Alexandre Moatti (Université Paris-Diderot)


5 commentaires pour “Yves Gingras, L’Impossible Dialogue. Sciences et religions (PUF, 2016)”

  1. Georges Répondre | Permalink

    "le dernier chapitre montre comment en Amérique du Nord les tribunaux ont donné raison à des peuples autochtones qui souhaitaient récupérer pour les enterrer « leurs » squelettes datant de plus de dix mille ans"
    Parce que ce ne sont pas les leurs? Ce sont les nôtres peut-être, puisqu'on les leur a volés?!
    On voit bien chez vous ce que veut dire absence de relativisme culturel: suffisance du scientiste...

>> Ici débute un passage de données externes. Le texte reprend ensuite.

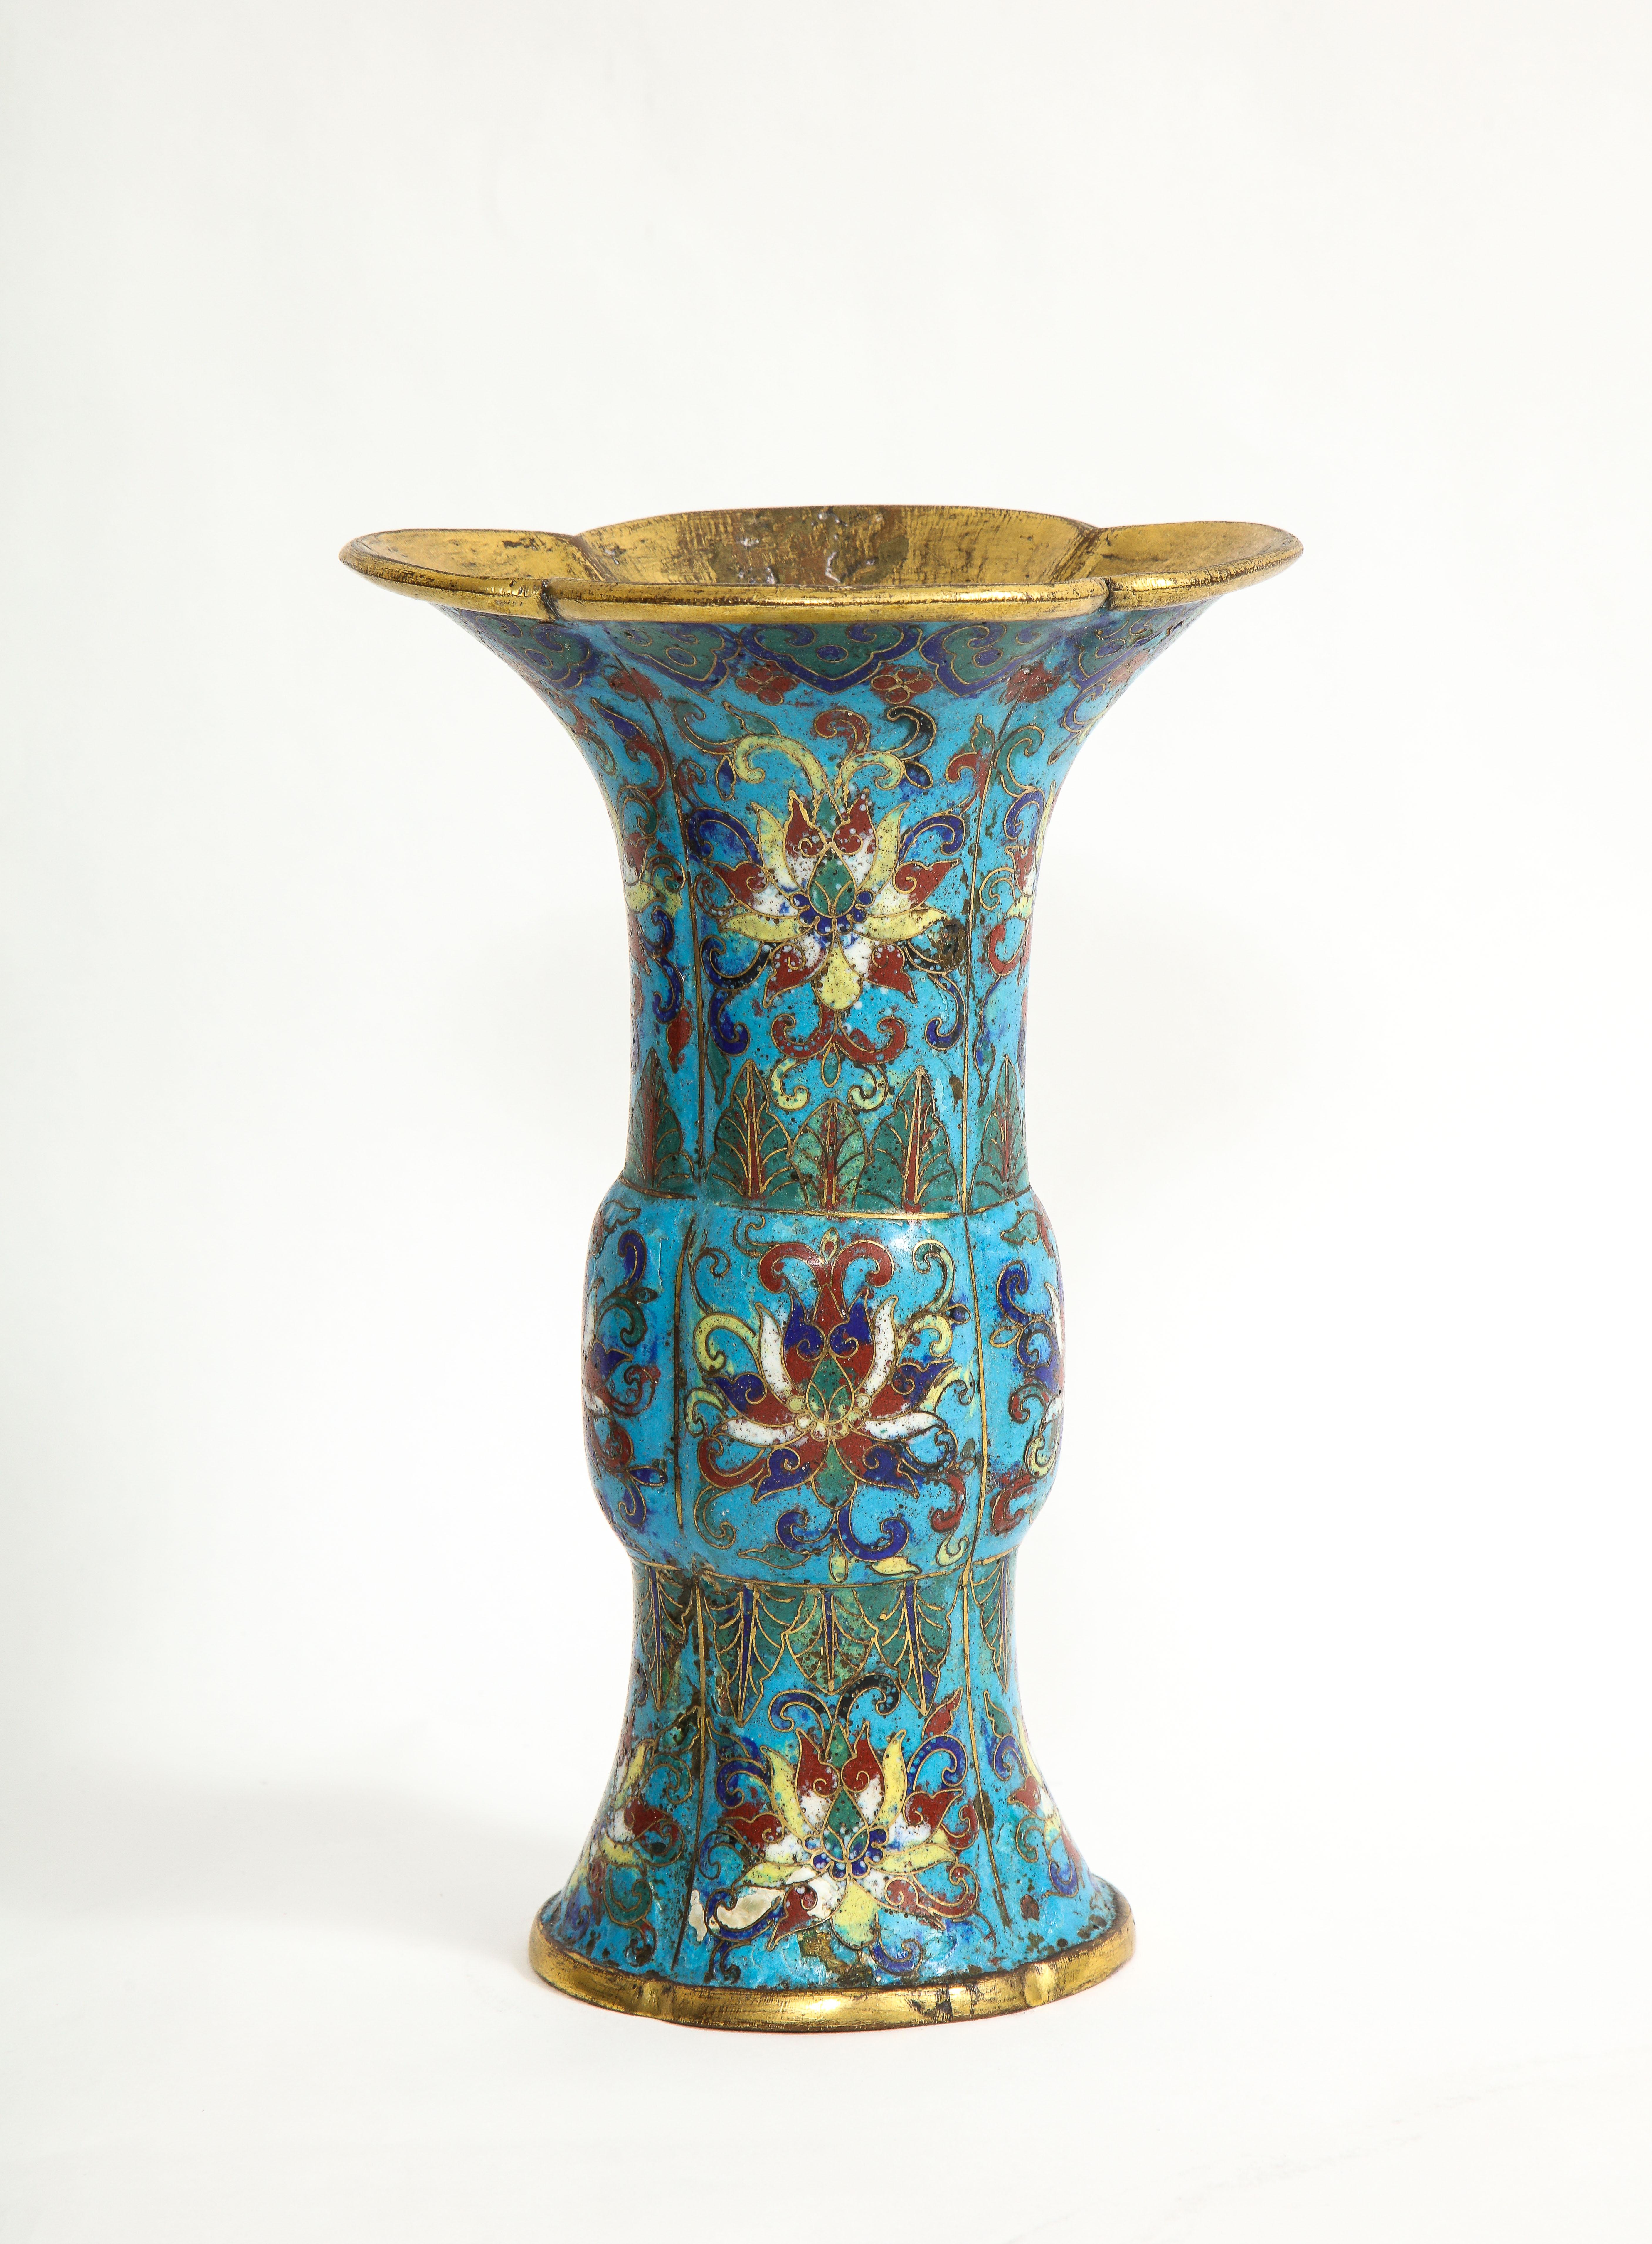 A Fantastic, rare, and antique Chinese Cloisonné Enamel Gu Form vase, 17th/18th century, Kangxi Period. This cloisonne vase is extremely rare to find in this quality, condition, age, and size. This was made in the Kangxi period anywhere from 1690 to

    • Alexandre Moatti Répondre | Permalink

      Ce ne sont ni "leurs" cadavres, ni les "nôtres". Et il y a sans doute de la place entre "relativisme culturel" et "suffisance scientiste": c'est là que j'essaie de me situer, comme Gingras sans doute. Et sans invective.

    • claudio Répondre | Permalink

      Je me demande, même si je ne connais pas le détail de cette histoire de squelettes, au nom de quoi peut-on les réclamer après 10000 ans ? les croyances étaient les mêmes il y a 10000 ans qu'aujourd'hui pour ces peuples autochtones ?
      Et c'est quoi l'opposé de 'suffisance scientiste' ? peut-être suffisance de cul-béni ?

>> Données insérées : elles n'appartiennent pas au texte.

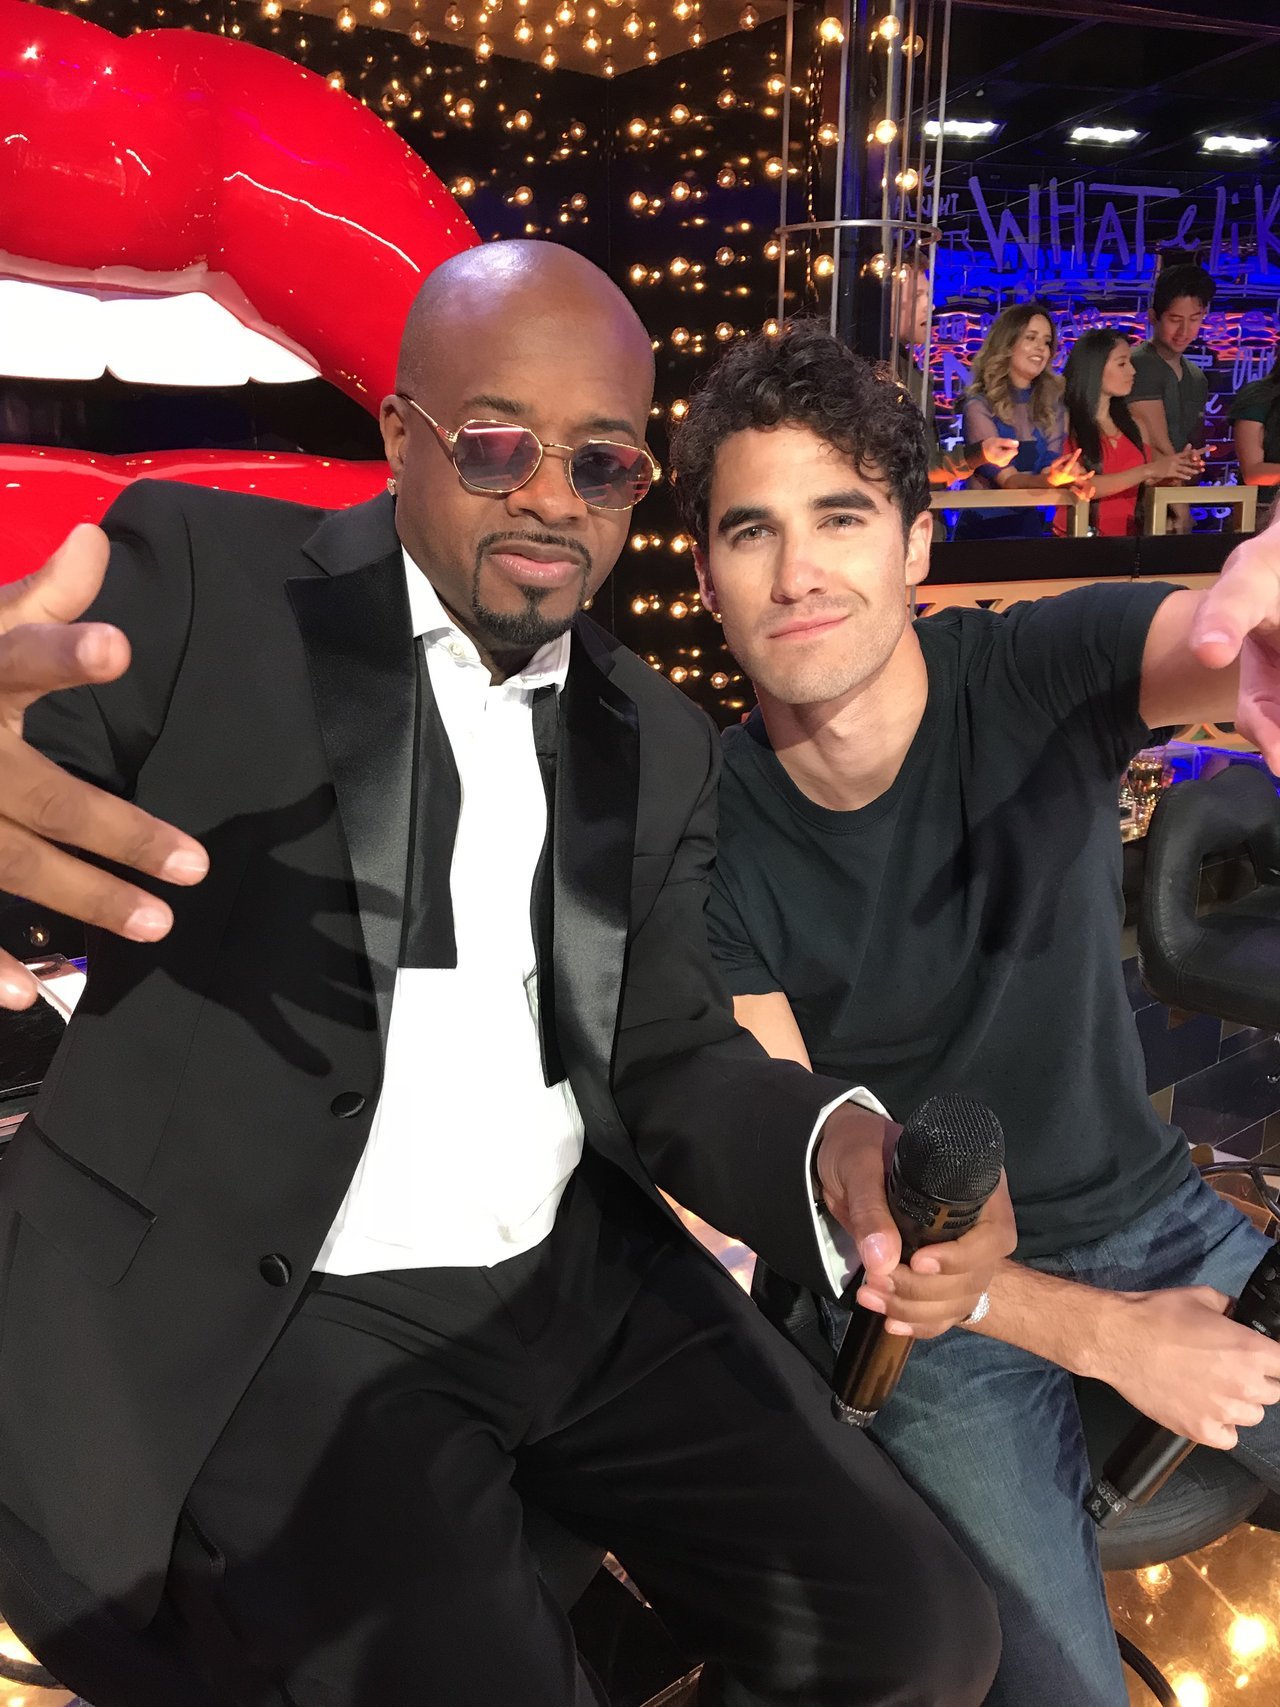 LIPSYNCBATTLE - Darren's Miscellaneous Projects and Events for 2019 Tumblr_plp9p5kfNT1v3daoq_1280

  2. ANTOINE GUGGENHEIM Répondre | Permalink

    Merci beaucoup de cet article éclairant, en particulier par la distinction des "contextes", du relativisme et la demande de mieux distinguer entre l'histoire des religions. La séparation théologie-culture dans "l'islam historique" n'est bonne ni pour la théologique ni pour la politique, comme on le voit, mais elle peut avoir des avantages pour la liberté scientifique ! A méditer; De mon côté, je parle plutôt de science agnostique, ou d'un agnosticisme de méthode des sciences, qui englobe aussi les valeurs morales, du moins celles qui ne sont pas nécessaires à la méthode elle-même : "Pour un nouvel humanisme. Essai sur la philosophie de Jean-Paul II", Parole et Silence, 2010.

  3. domnin Répondre | Permalink

    Depuis l'aube des temps l'être humain est à la fois rationnel et croyant. Rationnel pour essayer de comprendre et d'agir sur le monde qui nous entoure. Croyant par choix et par conscience que ce monde est infiniment trop vaste et trop complexe pour nos petits cerveaux de poussières humanoïdes. Croyance et rationalité sont deux qualités humaines incontournables qui se complètent et s'épaulent mutuellement. Georges Lemaître, inventeur du Bigbang, déclarait: "Dieu et la science sont les deux voies qui me paraissent mener à la vérité que je recherche. J'ai décidé de les suivre, l'une et l'autre".